10. Drug Interactions with Didanosine
This active ingredient may interact with:
- Tenofovir: Increases levels; reduce dose.
- Allopurinol: Enhances toxicity; avoid.
- Ribavirin: Increases mitochondrial toxicity; monitor.
- Antacids: Reduces absorption; separate by 2 hours.
- Methadone: Alters pharmacokinetics; adjust dose.
Action: Provide your healthcare provider with a complete list of medications.
11. Patient Education or Lifestyle
Medication Adherence: Take this nucleoside reverse transcriptase inhibitor as prescribed to manage HIV, following the exact schedule.
Monitoring: Report abdominal pain, tingling, or fatigue immediately.
Lifestyle: Avoid alcohol and high-fat meals; maintain hydration.
Diet: Take on an empty stomach; avoid acidic foods.
Emergency Awareness: Know signs of overdose or pancreatitis; seek care if present.
Follow-Up: Schedule regular check-ups every 1–2 weeks to monitor CD4 counts, viral load, and liver function.
Pharmacokinetics of Didanosine
Absorption: Oral bioavailability 30–40%; peak at 0.5–1 hour.
Distribution: Volume of distribution ~1–1.5 L/kg; 5–10% protein-bound.
Metabolism: Intracellular phosphorylation to active triphosphate; minimal hepatic metabolism.
Excretion: Primarily urine (50–60% as unchanged drug); half-life 1–2 hours (intracellular half-life 12–24 hours).
Half-Life: 1–2 hours, prolonged in renal impairment.
13. Pharmacodynamics of Didanosine
This drug exerts its effects by:
Inhibiting HIV reverse transcriptase, blocking viral DNA synthesis.

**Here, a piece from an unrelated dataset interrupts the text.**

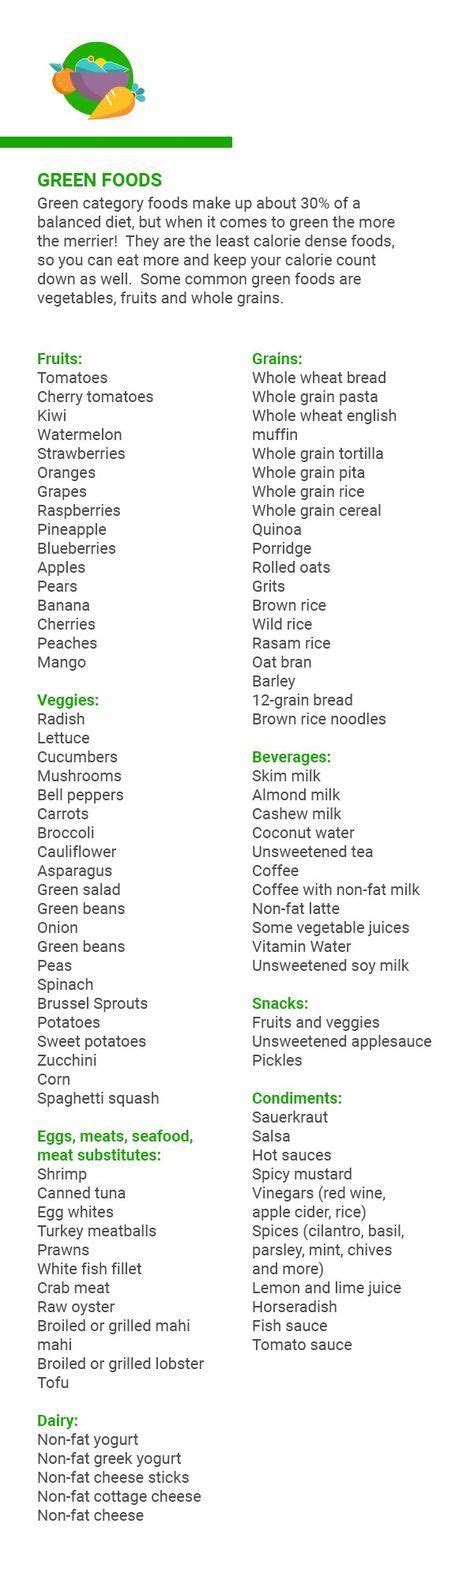 Food from the green group should fill the majority of your diet, as these are less calorie dense and will help to make you feel full. Pin on noom yellow foods

Reducing viral replication in infected cells.
Providing efficacy with risks of mitochondrial toxicity and neuropathy.
Showing dose-dependent effects requiring regular monitoring.
14. Storage of Didanosine
- Temperature: Store tablets/capsules at 20–25°C (68–77°F).
- Protection: Keep in original container, away from moisture.

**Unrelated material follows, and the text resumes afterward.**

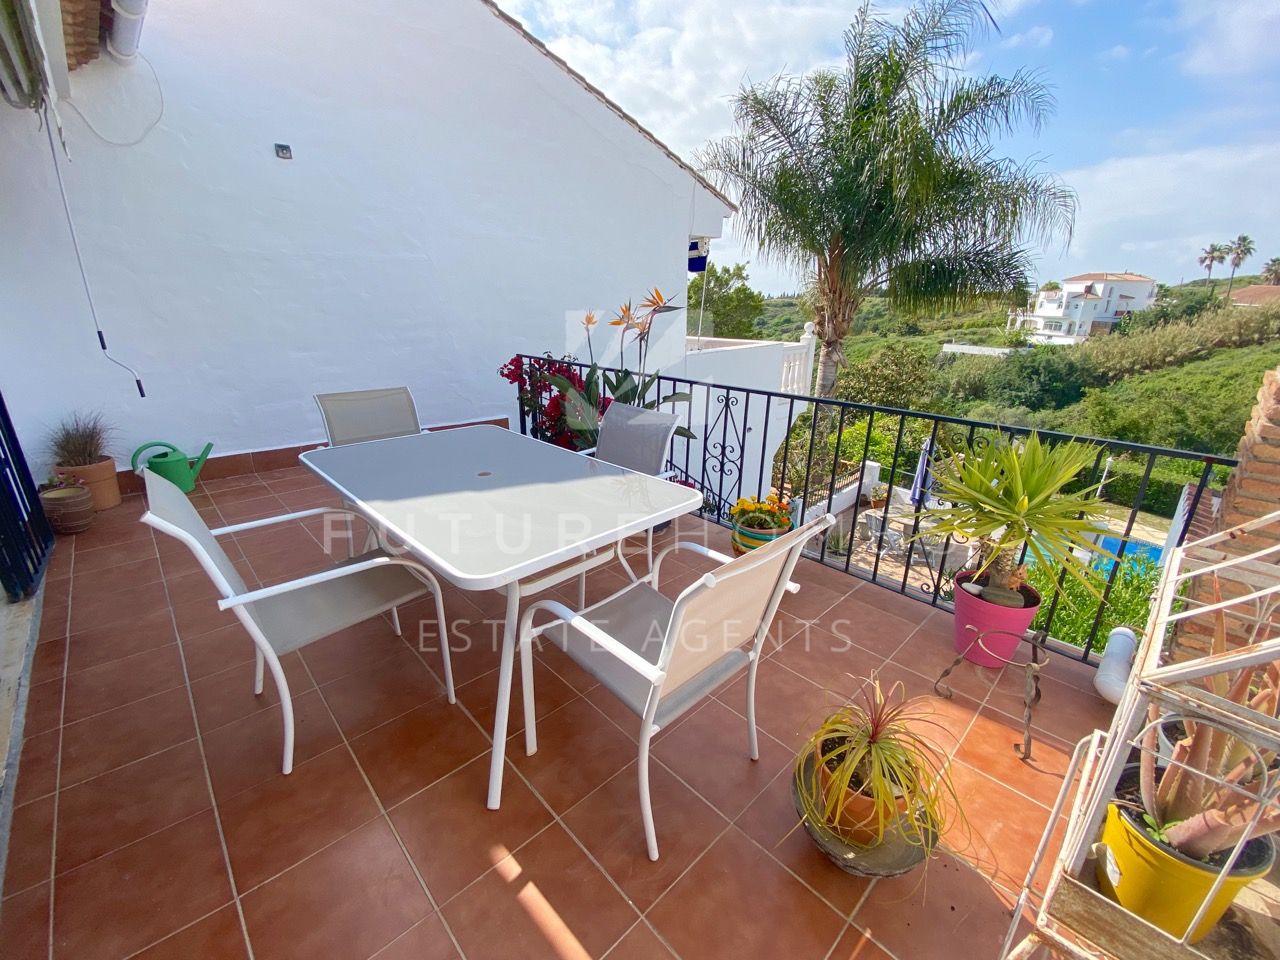 Well priced townhouse in quiet location yet only minutes from Estepona town centre

- Safety: Store out of reach of children.
- Disposal: Dispose of unused product per hazardous waste regulations or consult a pharmacist.
15. Frequently Asked Questions (FAQs)
Q: What does Didanosine treat?
A: This medication treats HIV-1 infection.

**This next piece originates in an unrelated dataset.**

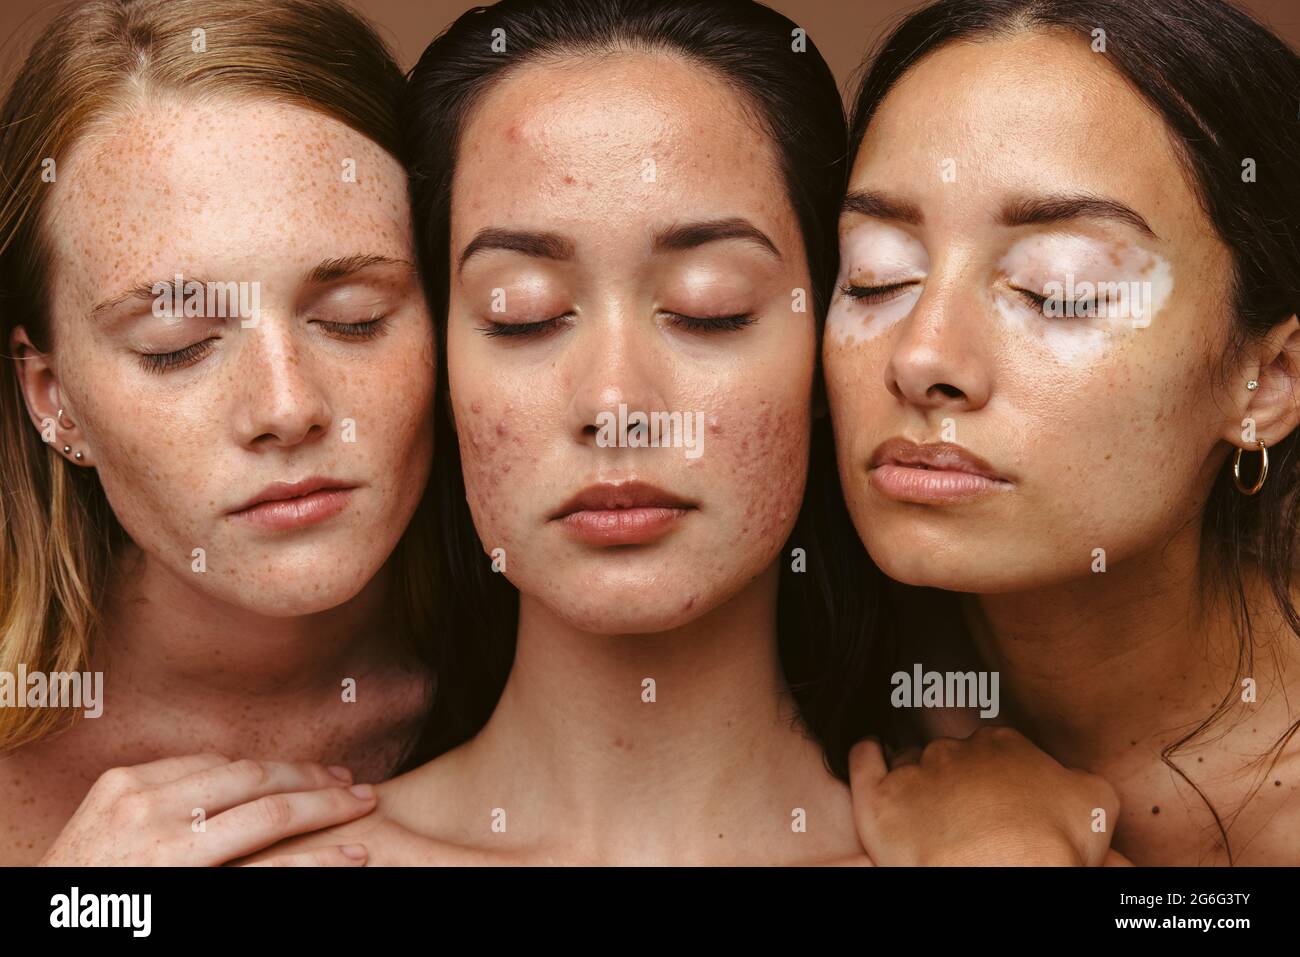 Portrait of three women with skin problems together on brown background. Close up of women having skin conditions with eyes closed Stock Photo

Q: Can this active ingredient cause nausea?
A: Yes, nausea is common; take on an empty stomach.
Q: Is Didanosine safe for children?
A: Yes, for >2 weeks with a doctor’s guidance.
Q: How is this drug taken?
A: Orally, on an empty stomach.
Q: How long is Didanosine treatment?
A: Lifelong, as part of ART.
Q: Can I use Didanosine if pregnant?
A: Yes, with caution; consult a doctor.
Q: What should I do if I miss a dose?
A: Take it within 6 hours; otherwise, skip it and resume.
Q: Does this nucleoside reverse transcriptase inhibitor cause diarrhea?
A: Yes, diarrhea is possible; report changes.
Q: Can it interact with tenofovir?
A: Yes, monitor levels; consult your doctor.
Q: How should I store Didanosine?
A: At 20–25°C (68–77°F), away from moisture.
16. Regulatory Information
This medication is approved by:
U.S. Food and Drug Administration (FDA): Approved in 1991 (Videx) for HIV treatment.
European Medicines Agency (EMA): Approved for HIV-1 infection management.
Other Agencies: Approved globally for antiretroviral therapy; consult local guidelines.
17. References
- U.S. Food and Drug Administration (FDA). (2025). Videx (Didanosine) Prescribing Information.
- Official FDA documentation detailing the drug’s approved uses, dosage, and safety.
- European Medicines Agency (EMA). (2025). Didanosine Summary of Product Characteristics.
- EMA’s comprehensive information on the medication’s indications and precautions in Europe.
- National Institutes of Health (NIH). (2025). Didanosine: MedlinePlus Drug Information.
- NIH resource providing detailed information on the drug’s uses, side effects, and precautions.
- World Health Organization (WHO). (2025). WHO Model List of Essential Medicines: Didanosine.
- WHO’s consideration of Didanosine for HIV therapy.
- Journal of Acquired Immune Deficiency Syndromes. (2024). Didanosine in HIV Management.
- Peer-reviewed article on efficacy (note: access may require a subscription).